Ensure that values for control address and messaging address are specified on both members of the HA pair before you enable them for cluster membership.
Restart both servers in the HA pair.
Error scenario 3: Did you attempt to disable clustering on an HA pair, and now, after restarting servers, your HA servers are in maintenance mode?

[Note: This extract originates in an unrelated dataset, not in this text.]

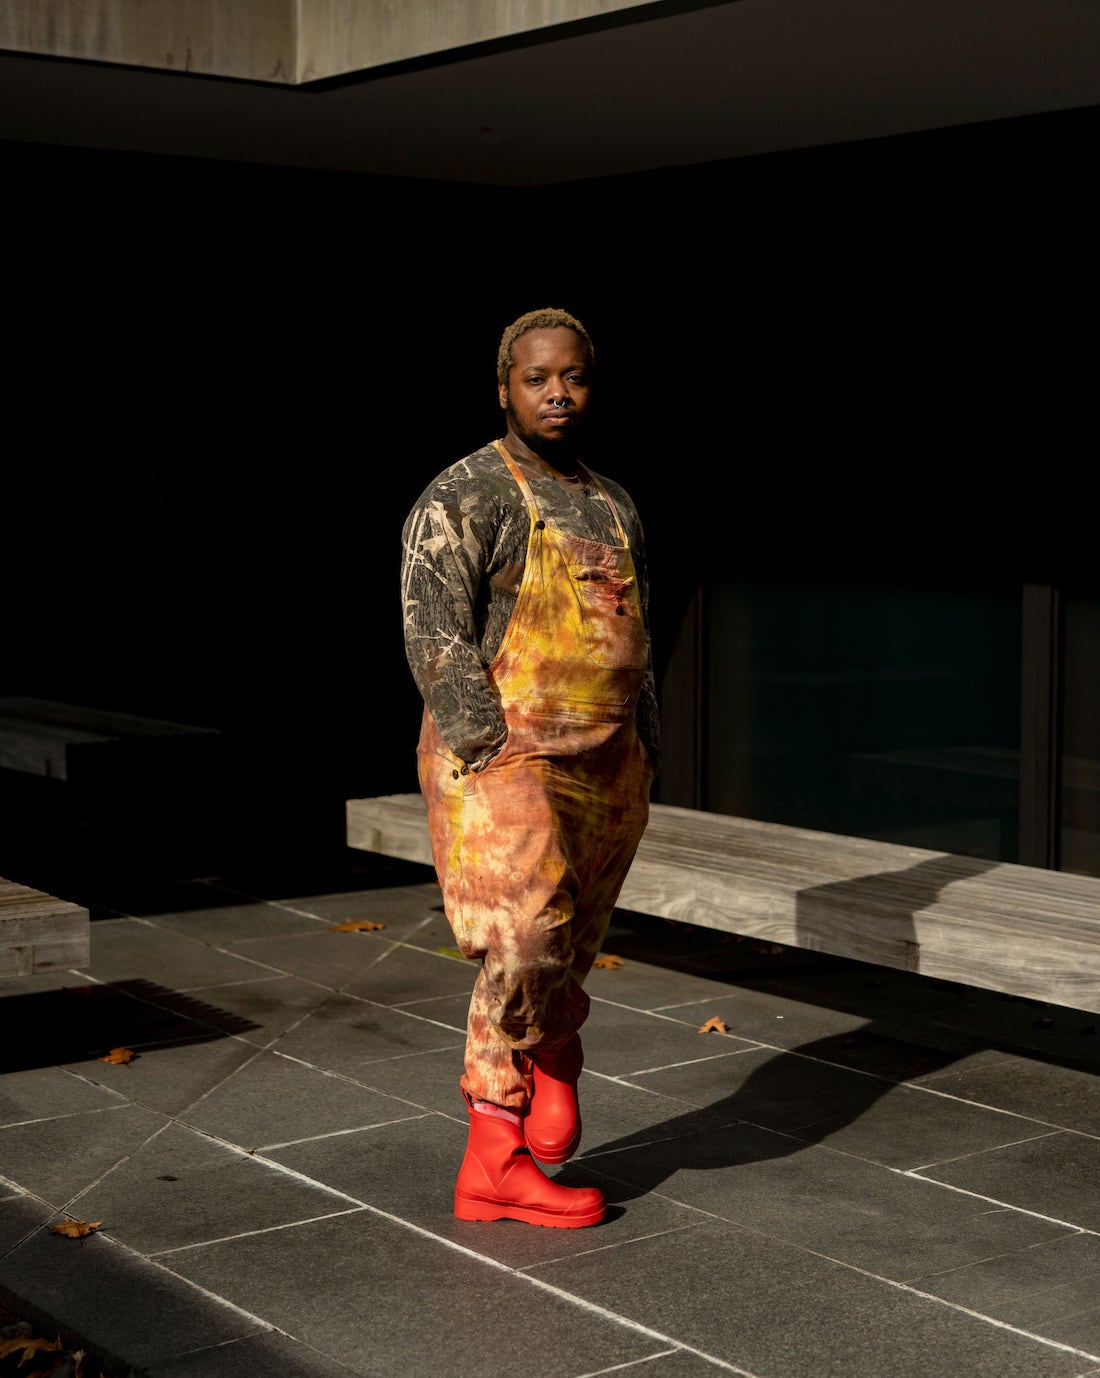 A Black man stands at the center of a space with black walls and a gray stone tile floor. He has a short, blonde-dyed Afro and is wearing a paint-covered sweatshirt and overalls with new red ankle boots. He's turned slightly away from the camera but looks directly at the viewer.

Check the status of your servers. Use the Eclipse Amlen REST API GET method with the following Eclipse Amlen service URI:
http://<Server-IP:Port>/ima/v1/service/status
"ErrorCode": 509,
"ErrorMessage": "Store High-Availability error."
"ReasonCode": 1,
"ReasonString": "Cluster.EnableClusterMembership - CONFIG_ERROR",
A possible cause of this error condition is that cluster membership was disabled on the primary server in the HA pair while the standby server was inactive.
Disable cluster membership on both servers in the HA pair. Restart both servers.
Error scenario 4: "ReasonString": "Store.TotalMemSizeMB_CONFIG_ERROR" is issued
"ReasonString": "Store.TotalMemSizeMB - CONFIG_ERROR"
in HA status indicates that there is a mismatch between the memory configuration of the store of the nodes and, consequently, the nodes cannot form an HA pair. A possible scenario in which this error can arise is when you are using one node that is a Docker container that has a controlled memory configuration, and another node that has been installed as an RPM on the host OS which means that all the memory that is available on the machine is used.
It is best practice to ensure that the two nodes in an HA pair are identical particularly with regard to the amount of memory available to them.